You can surmise what happened when the real actor was placed in a real river below a real hovering helicopter near real explosions at 230 AM. Landis' defense team tried to deny this, but the evidence pretty much shows that a piece of one of the village huts blew up into the tail rotor of the helicopter, causing the crash and the deaths.
The subsequent trial only named Landis, producer George Folsey, production manager Dan Allingham, special effects man Paul Stewart and helicopter pilot Dorcey Wingo. The two books about the trial show the prosecutor completely blowing the case both by failing to properly refute the more ridiculous defense claims (like delamination of the rotor blades!) and by grandstanding against Landis to the point that the jury began to feel sorry for him. In the end, Landis and the other defendants walked away. Landis continues to make films with Folsey and Allingham, although nowhere near the level he did at his career peak. Stewart and Wingo's careers were ruined, as were several others who testified against Landis at trial.
There has been speculation over the years whether Steven Spielberg or Frank Marshall knew about the situation, but nothing was ever proven one way or the other. (Frank Marshall acted very strangely about it, though - he avoided attempts to subpoena his testimony by leaving the country to go to Sri Lanka to scout the next Indiana Jones film.) Before this incident, Spielberg and Landis had been friends, and had made appearances in each other's movies. After the tragedy, Spielberg distanced himself from Landis.
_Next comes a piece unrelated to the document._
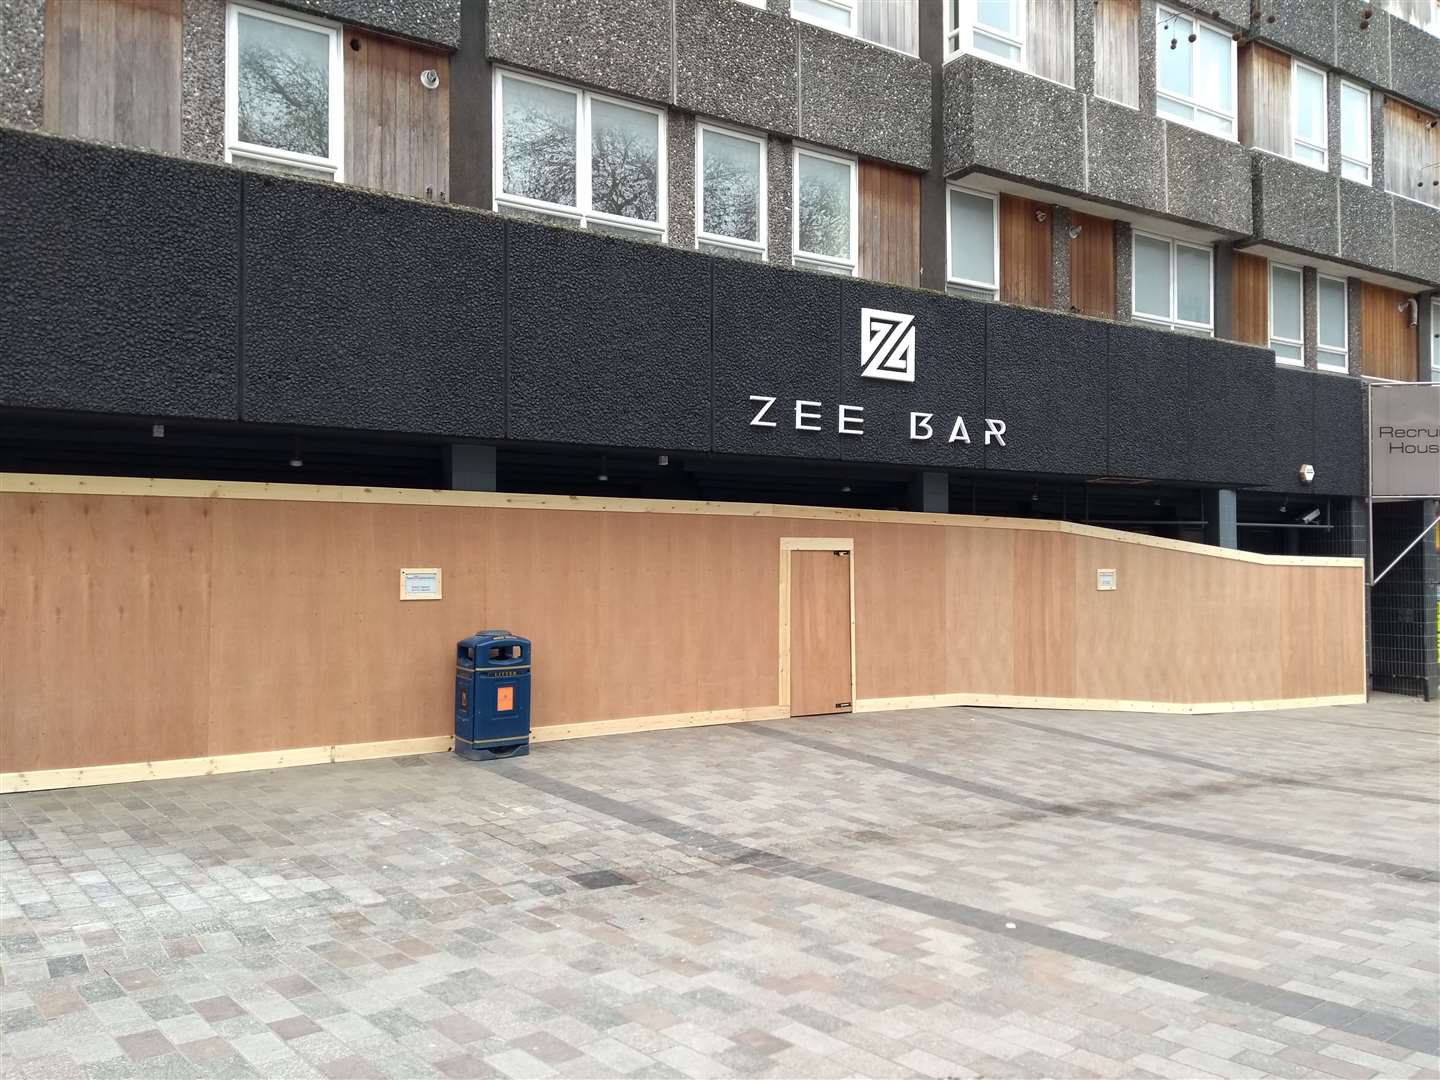 Zee Bar closed in 2018

From my research, I have concluded that the parties responsible for the deaths at Indian Dunes were Landis, Folsey, Allingham and the assistant directors on the set. I understand why the prosecutor included the effects man who supervised the explosives and the helicopter pilot who flew into them, but I don't see their culpability beyond trusting that Landis and the producers knew what they were doing. My understanding is that safety meetings were held on the set before the explosion and helicopter shots, but those meetings did not include discussion of the children being exposed to the situation. The people who dressed and made up the kids knew they would be on the set, but NOT UNDERNEATH THE HELICOPTER. I believe that the only people on the set who knew what was actually happening were Landis, Folsey, Allingham, Elie Cohn (the first assistant director), Andy House (the second assistant director) and Hilary Leach (the DGA trainee). I excuse Leach from responsibility as she was very green in the business at the time and had no idea of the big picture - she knew she was not to refer to the children over the radio, and she knew something was up, but didn't know how to put it together. The AD's on the other knew exactly what was happening, even to the point of both of them trying to suggest another, safer way to do the shot. When this was barred, they had options - they could have made an anonymous safety call, they could have pulled the kids off the set, they could have told Jack Tice, they could have walked. In the end, they went along with Landis, and we know the result.
Sorry for the long sidebar in this thread, but this is a matter that directly concerns the work I do in the business, and it is one that continues to haunt the business to this day.